Stochastic simulations are one of the cornerstones of the analysis of dynamical processes on complex networks, and are often the only accessible way to explore their behavior. The development of fast algorithms is paramount to allow large-scale simulations. The Gillespie algorithm can be used for fast simulation of stochastic processes, and variants of it have been applied to simulate dynamical processes on static networks. However, its adaptation to temporal networks remains non-trivial. We here present a temporal Gillespie algorithm that solves this problem. Our method is applicable to general Poisson (constant-rate) processes on temporal networks, stochastically exact, and up to multiple orders of magnitude faster than traditional simulation schemes based on rejection sampling.

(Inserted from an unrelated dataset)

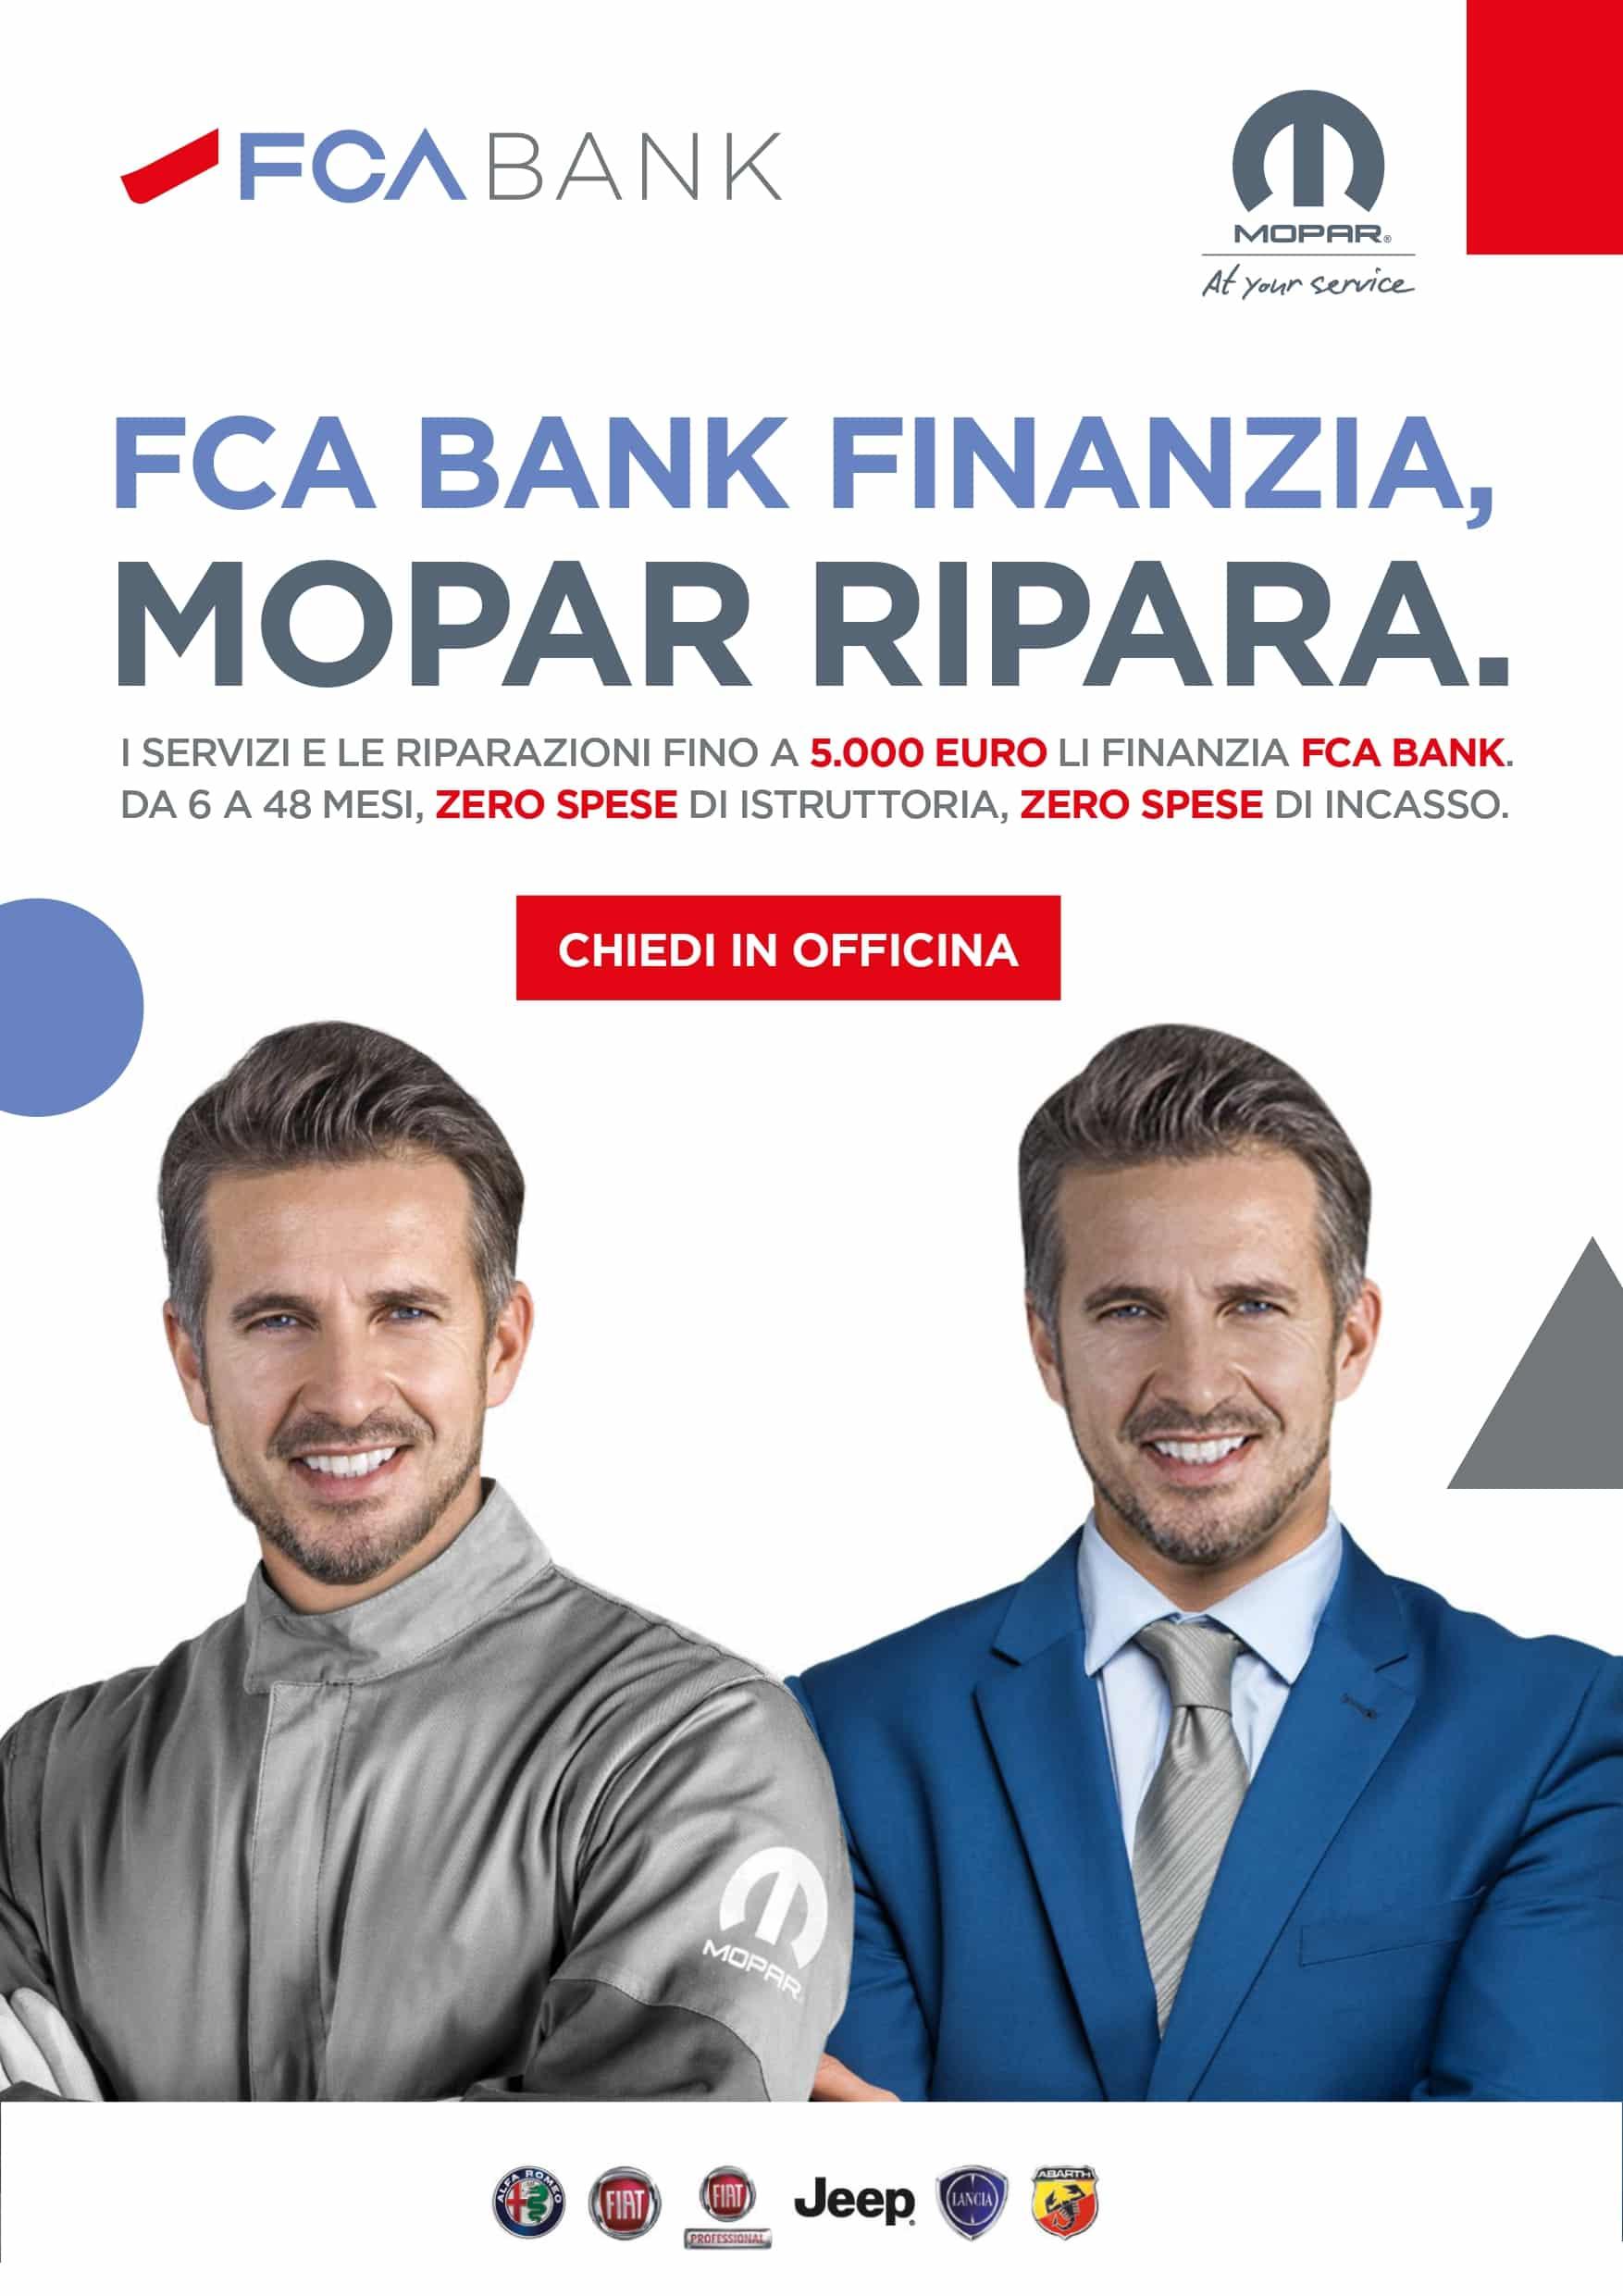 fca-org FCA BANK FINANZIA I SERVIZI MOPAR
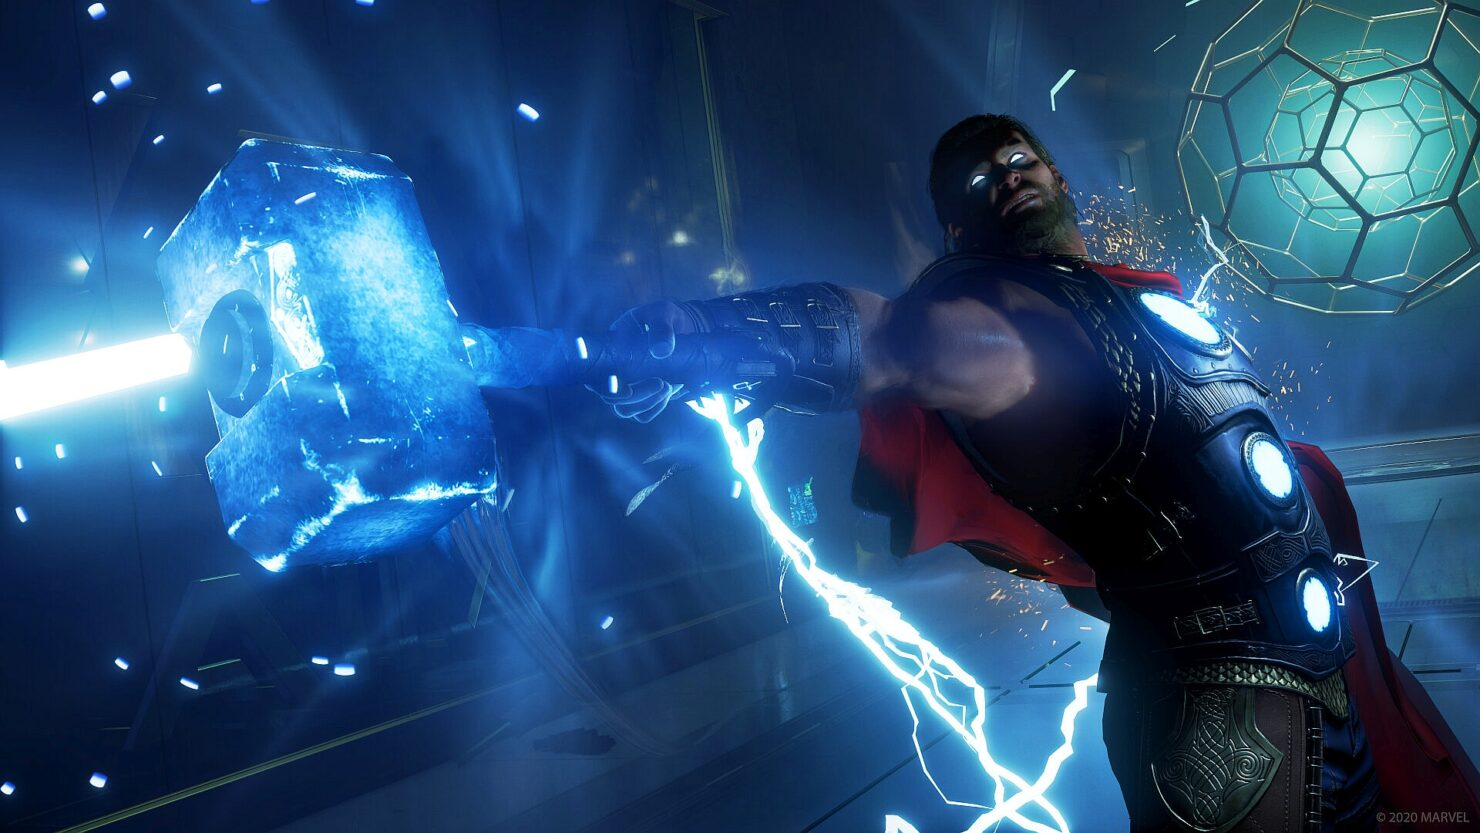 Marvel's Avengers PS5 next-gen features

We also show how it can be extended to simulate non-Markovian processes. The algorithm is easily applicable in practice, and as an illustration we detail how to simulate both Poissonian and non-Markovian models of epidemic spreading. Namely, we provide pseudocode and its implementation in C++ for simulating the paradigmatic Susceptible-Infected-Susceptible and Susceptible-Infected-Recovered models and a Susceptible-Infected-Recovered model with non-constant recovery rates. For empirical networks, the temporal Gillespie algorithm is here typically from 10 to 100 times faster than rejection sampling.